Work required
A verbatim copy of the listing is what is needed, minus any pictures.

Dataset extract
────
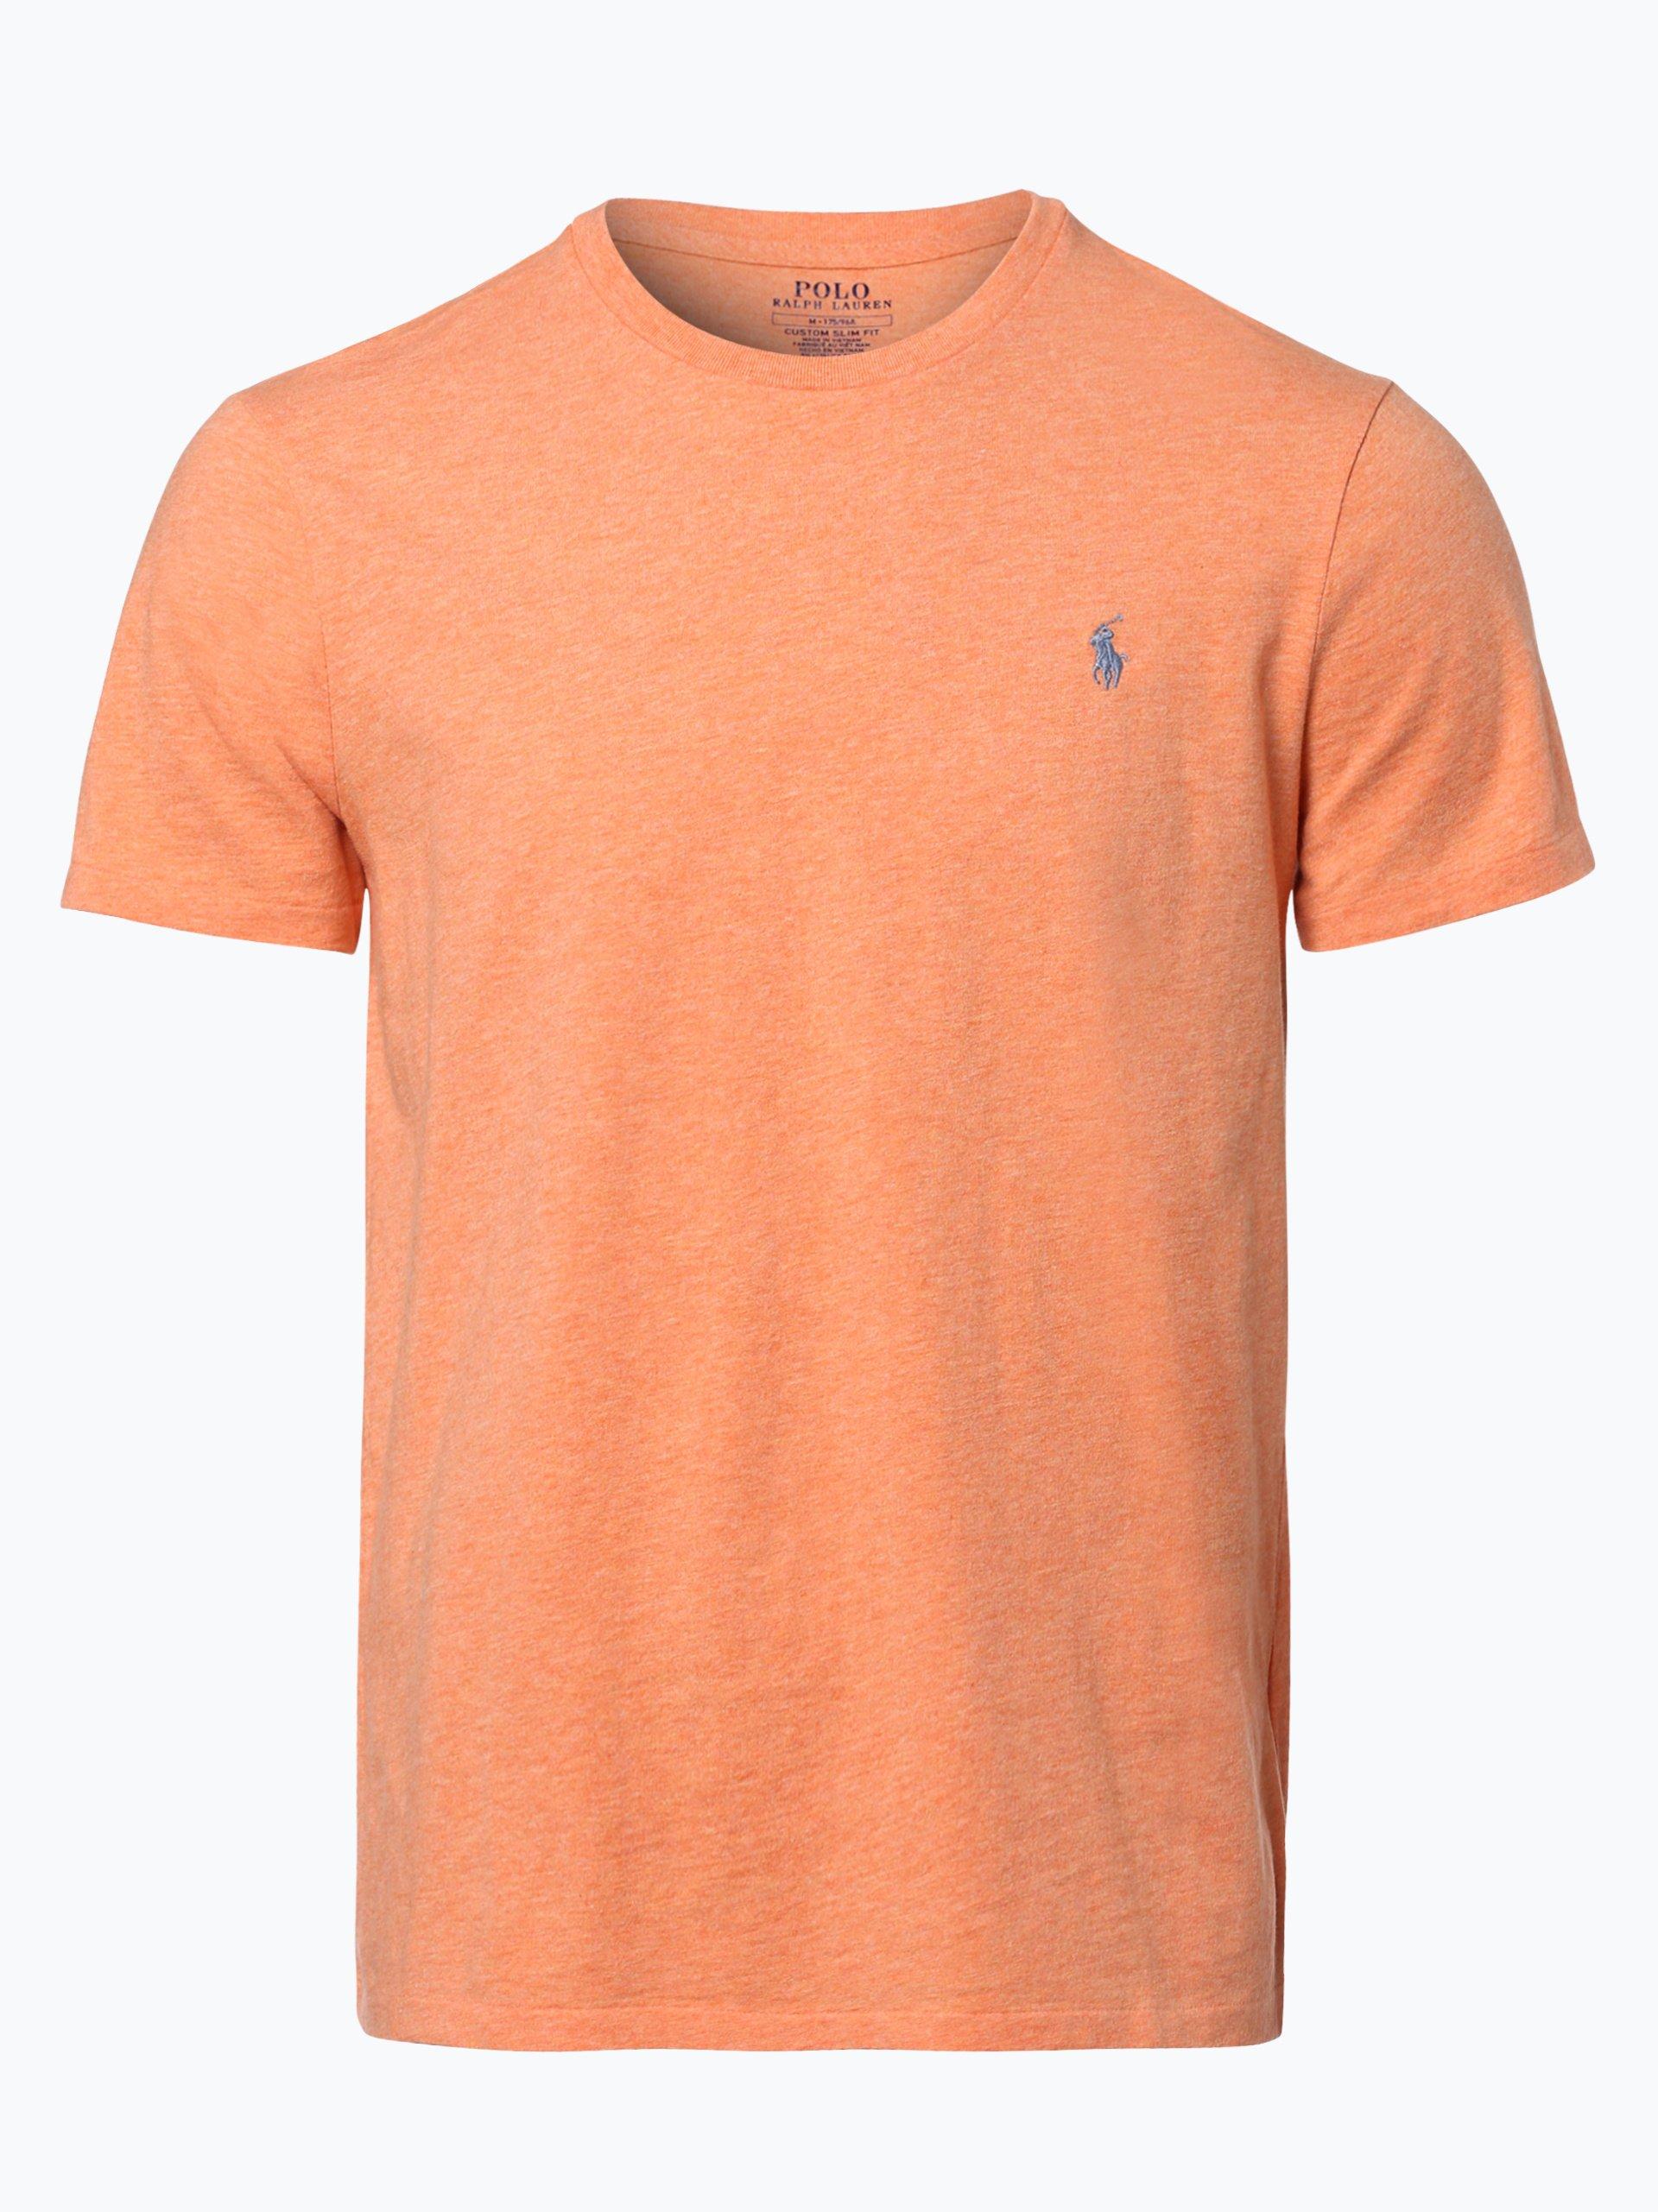 polo ralph lauren herren t shirt orange meliert online kaufen peek und cloppenburg de. Black Bedroom Furniture Sets. Home Design Ideas
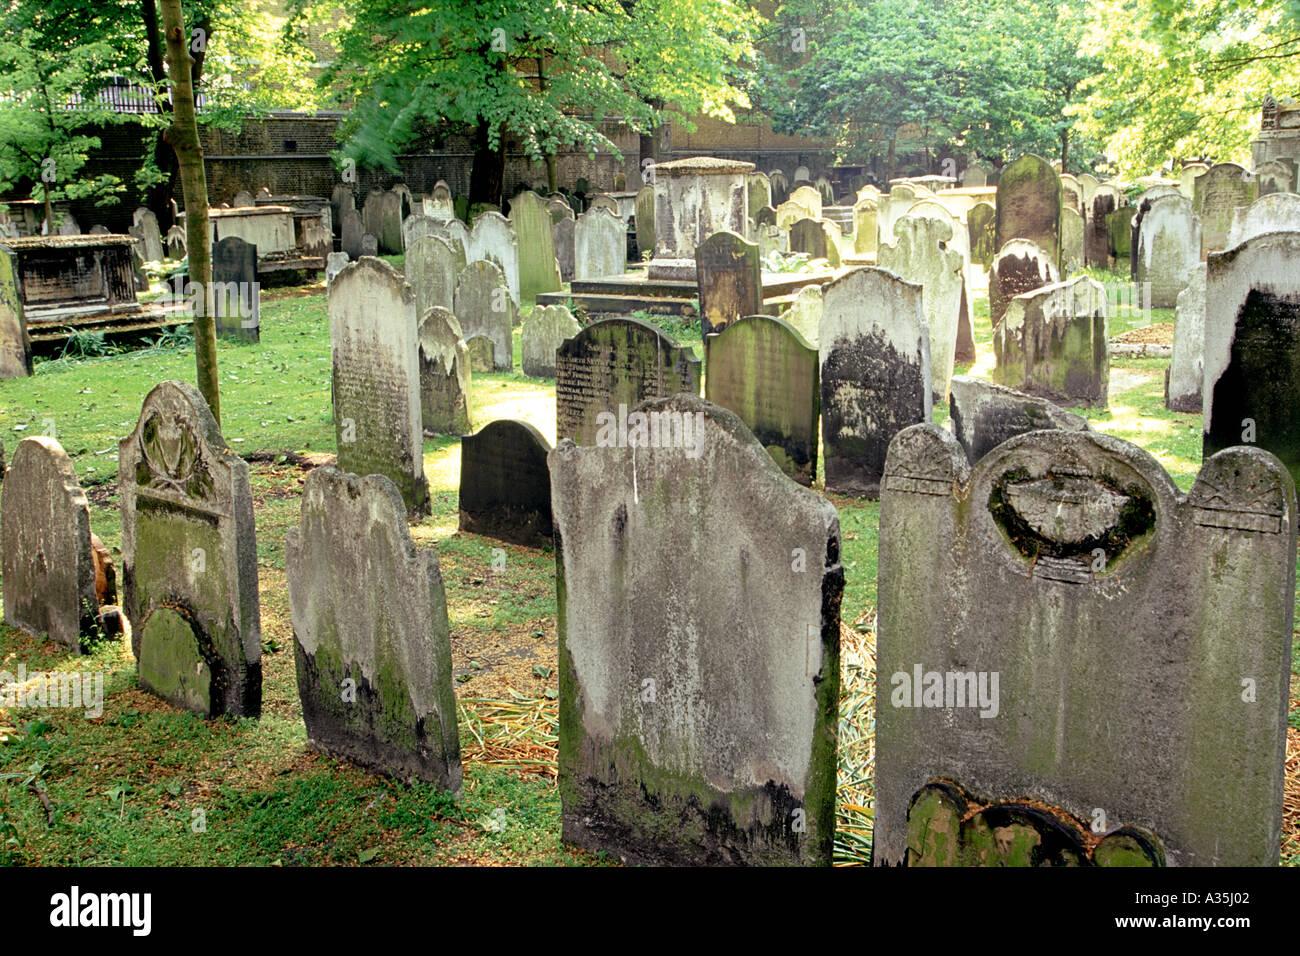 Bunhill Fields, a Victorian-era cemetery in London. - Stock Image
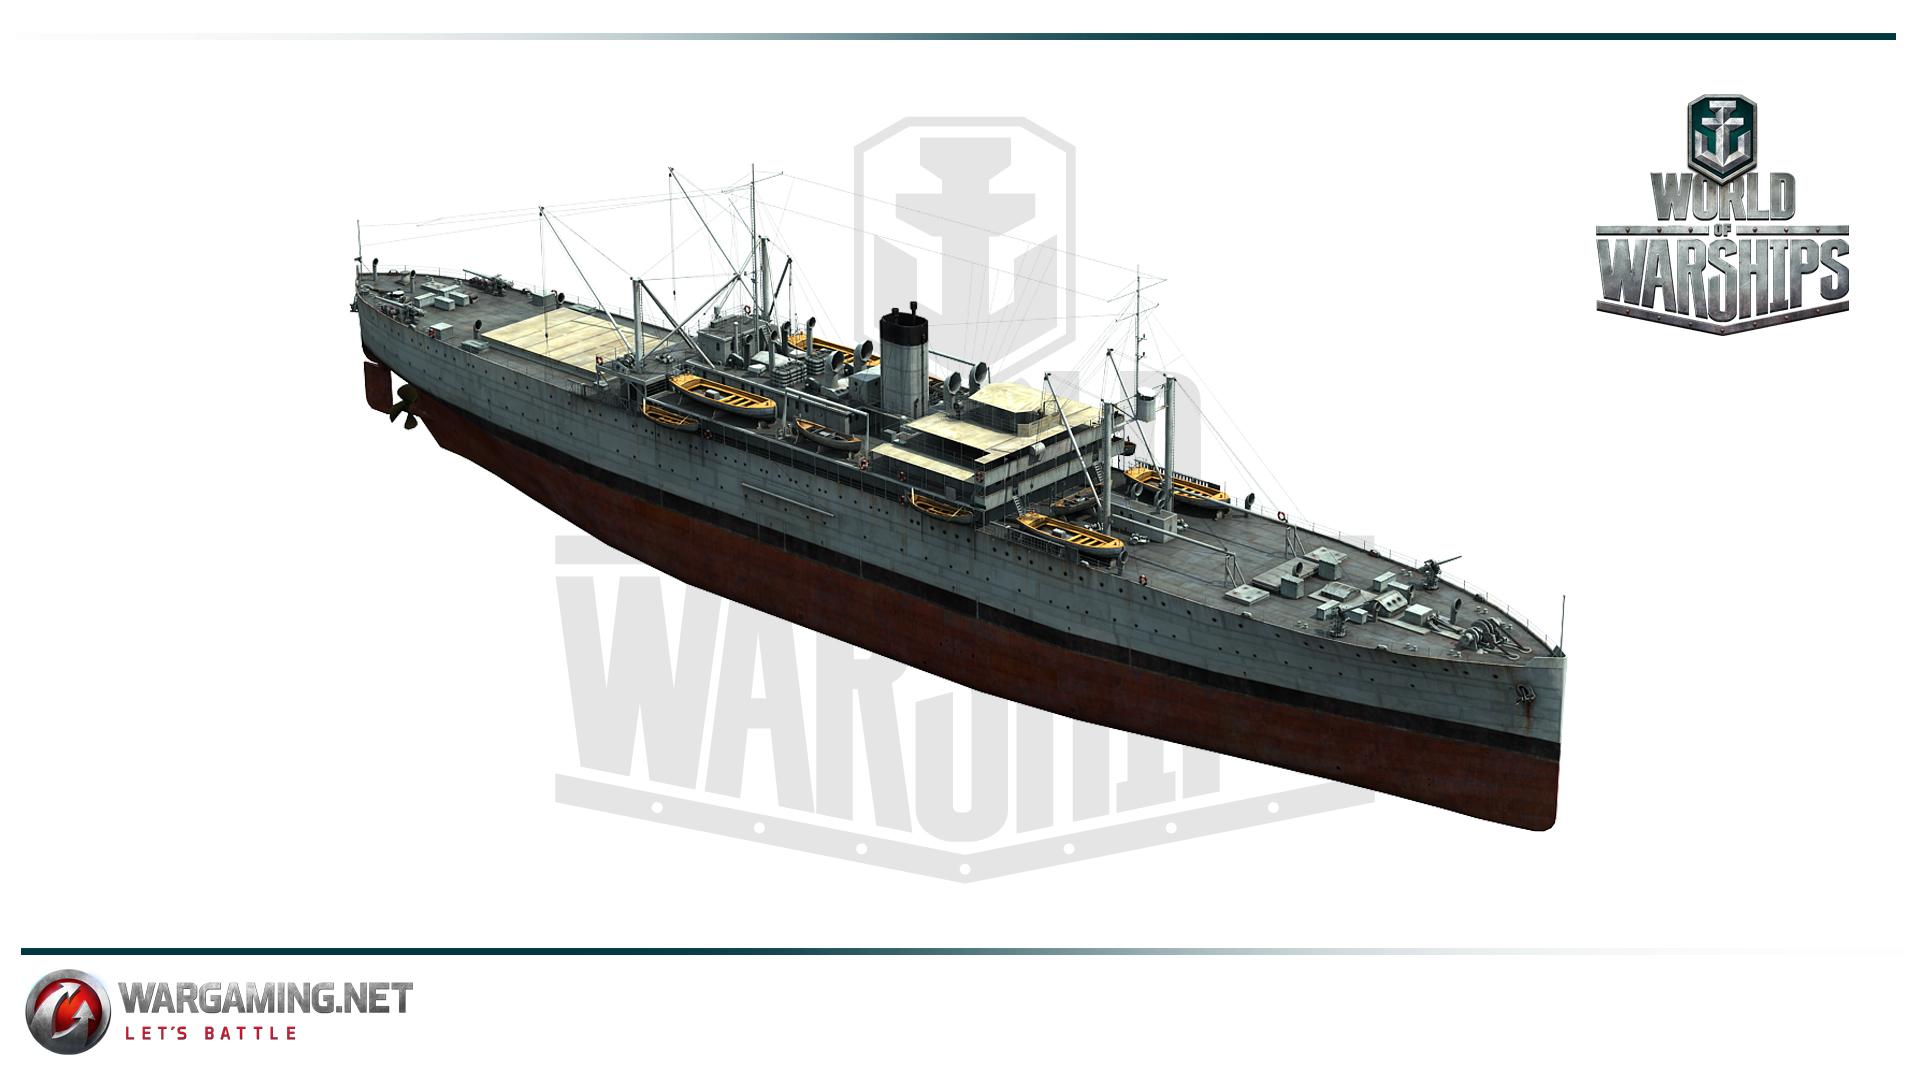 Carousel_USS_Wright.jpg
────
Response below
 polo ralph lauren herren t shirt orange meliert online kaufen peek und cloppenburg de. Black Bedroom Furniture Sets. Home Design Ideas
 Bunhill Fields, a Victorian-era cemetery in London. - Stock Image
 Carousel_USS_Wright.jpg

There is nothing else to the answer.